On Sept. 12, SHARPS and civil-society groups formed an ad hoc committee, calling on the government to better regulate Samsung’s safety measures.

 

Last week’s fatal carbon dioxide leak at Samsung Electronics Co., Ltd.’s flagship chip plant claimed another life on Sept 12, as a 54-year-old worker was pronounced dead after eight days in a coma.  His death brought the toll up to two out of the four victims hospitalized on Sept 4. after their exposure to the gas.  One victim died the day he was exposed. The third remains unconscious.  A Samsung paramedic was also injured.

The four victims’ identities were not released.

Temporary Workers and Ruptured Valves

The three non-Samsung victims, all temps from the company’s outsourcer, were poisoned by carbon dioxide as they worked in a basement storage facility for the gas at the company’s Giheung plant in South Korea’s Gyonggi province.  The cause of the leak has yet to be determined, but valves were seen ruptured, according to Yonhap News.

Cover-up

Samsung left the local emergency management system in the dark over the leak, the independent Hankyoreh said on Sept. 12, after obtaining transcripts of phone calls between the company and EMS.

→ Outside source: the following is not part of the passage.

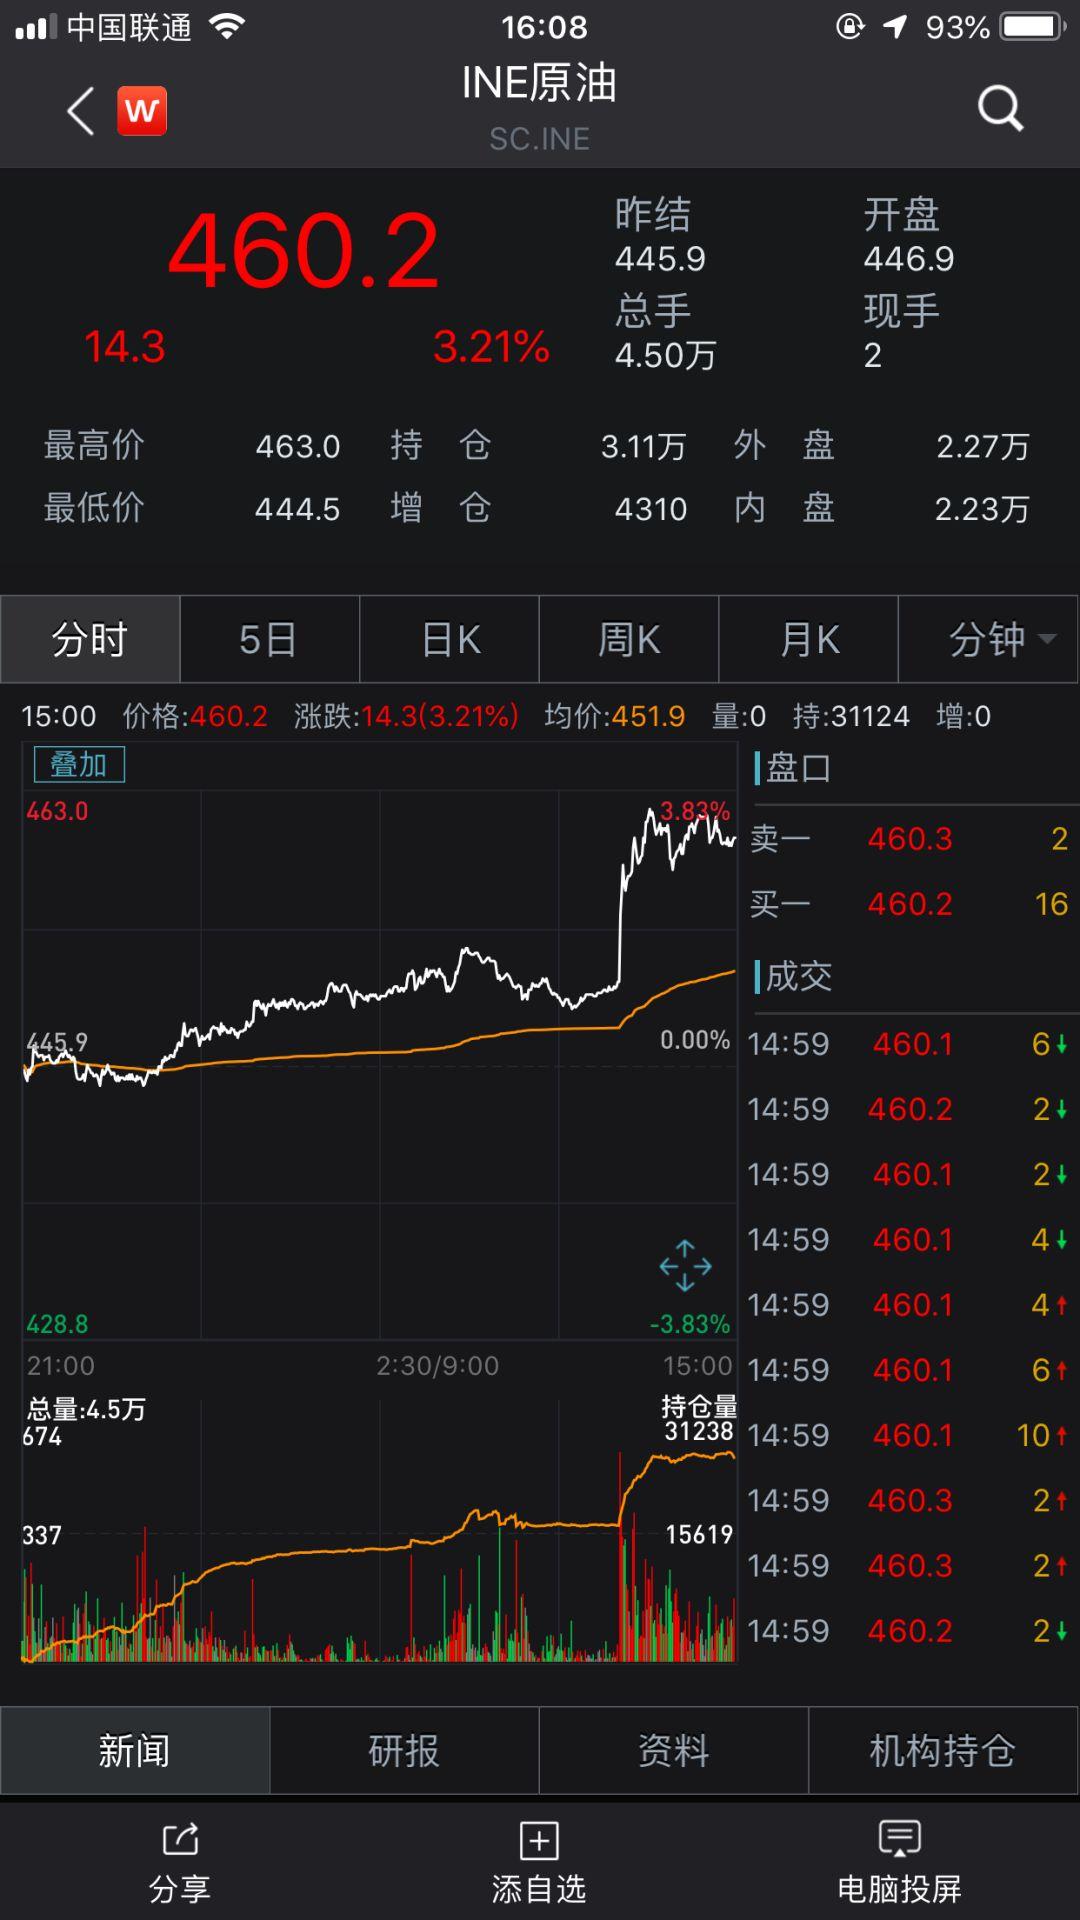 新华社评论:经济有韧劲是中国坚决反制的最大底气

The EMS first contacted Samsung about two hours and 15 minutes after the leak. Samsung said, “the situation is over,” declining the EMS’s assistance.  Asked by the EMS whether and where the victims were hospitalized, Samsung answered it would let them know soon—but it did not.

The EMS had to inquire at all area hospitals.  It finally determined the victims’ whereabouts about two hours and 39 minutes after the leak.

On Sept. 10, the police conducted a search warrant at three locations of Giheung plant, now under probe by a 15-member multi-agency taskforce.

Civil Society Reacts

SHARPS and the two organizations, Gyonggi Environmental Forum and the province branch of the Green Party Korea, have formed an ad hoc committee to monitor the aftermath of the CO2 leak.

“We call on the government to determine whether Samsung has implemented safety measures as ordered in special audits over earlier fatal leaks at other Samsung plants in 2013 and 2014,” said the committee in a press conference on Sept. 12.

In the 2013 audit alone of two separate hydrofluoric acid, leaks the government discovered more than 2,000 safety breaches at Samsung and its outsourcers.